(Task prompt)
Since the copy must hold text only, transcribe the data below exactly and omit the images.

(Data segment)
□ □ □ □
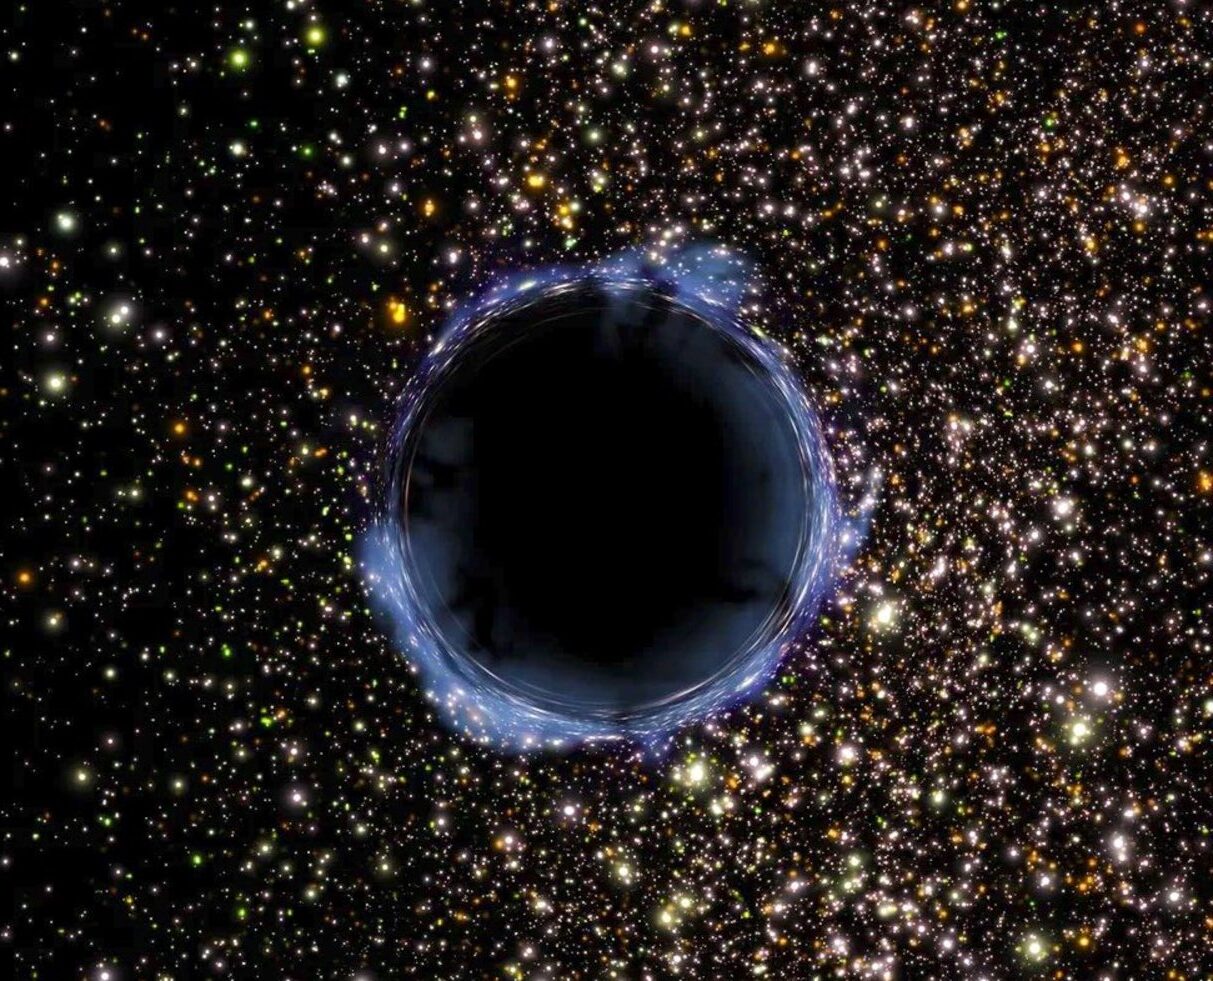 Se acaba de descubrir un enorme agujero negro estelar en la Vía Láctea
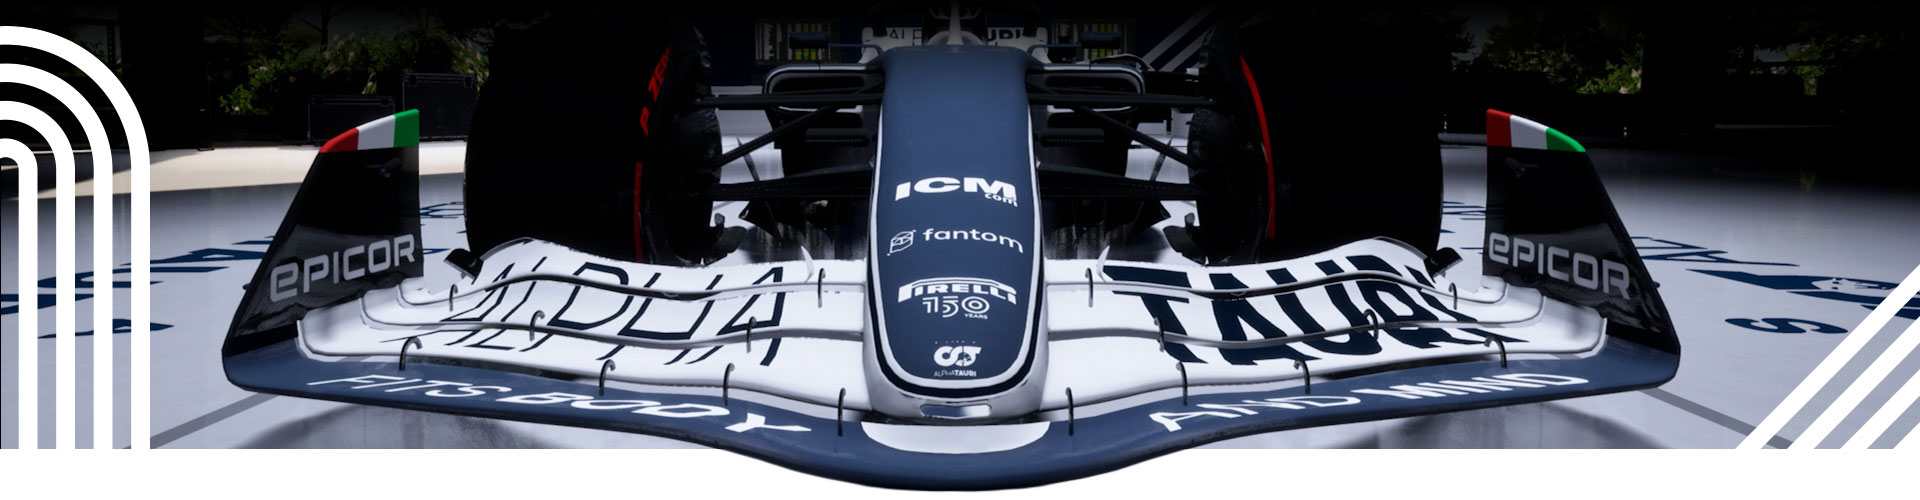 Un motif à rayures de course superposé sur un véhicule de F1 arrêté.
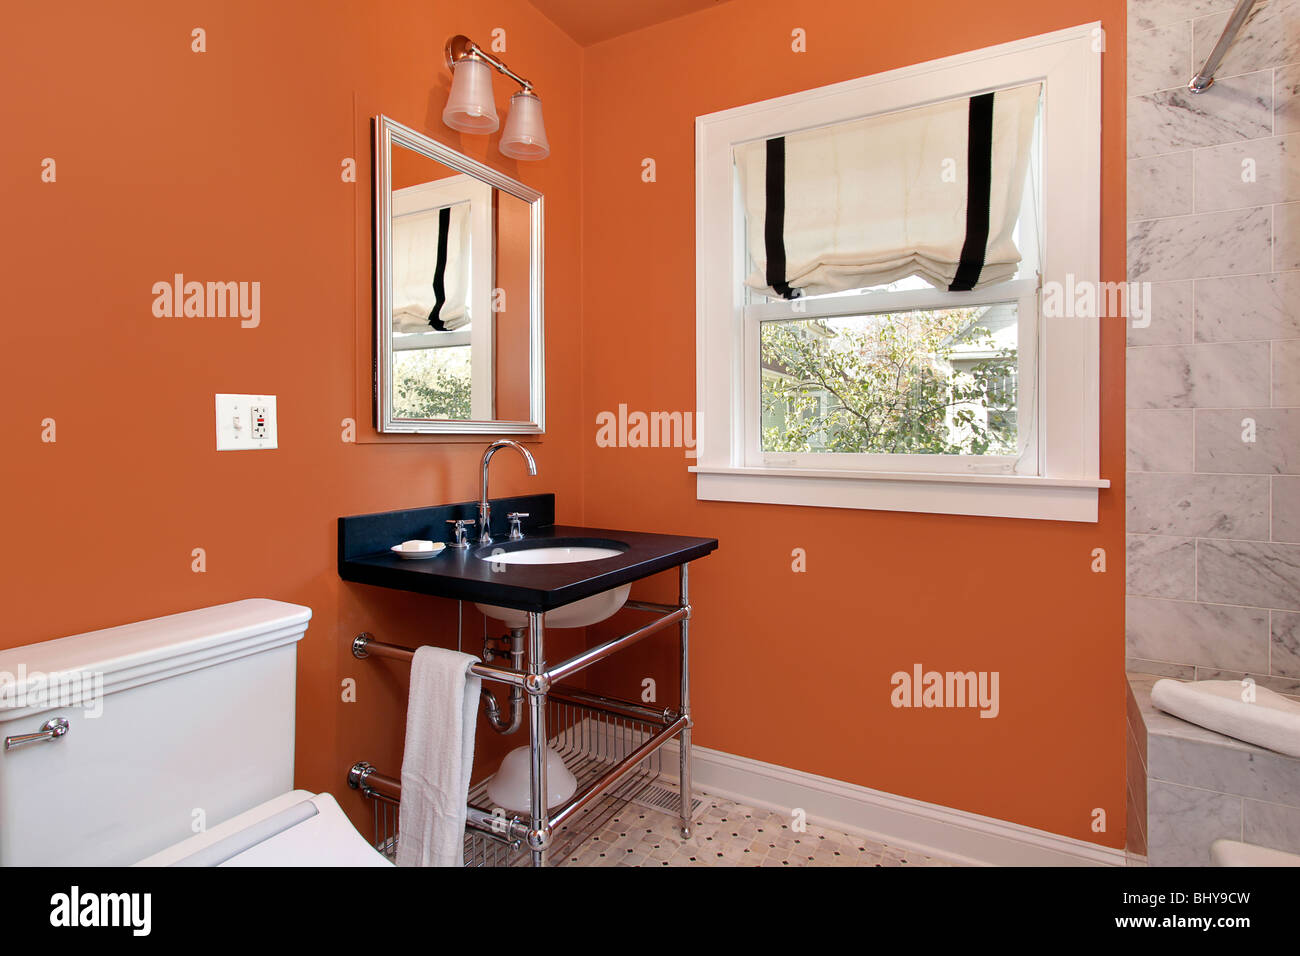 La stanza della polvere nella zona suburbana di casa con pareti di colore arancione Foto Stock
□ □ □ □
(Reply)
 Se acaba de descubrir un enorme agujero negro estelar en la Vía Láctea
 Un motif à rayures de course superposé sur un véhicule de F1 arrêté.
 La stanza della polvere nella zona suburbana di casa con pareti di colore arancione Foto Stock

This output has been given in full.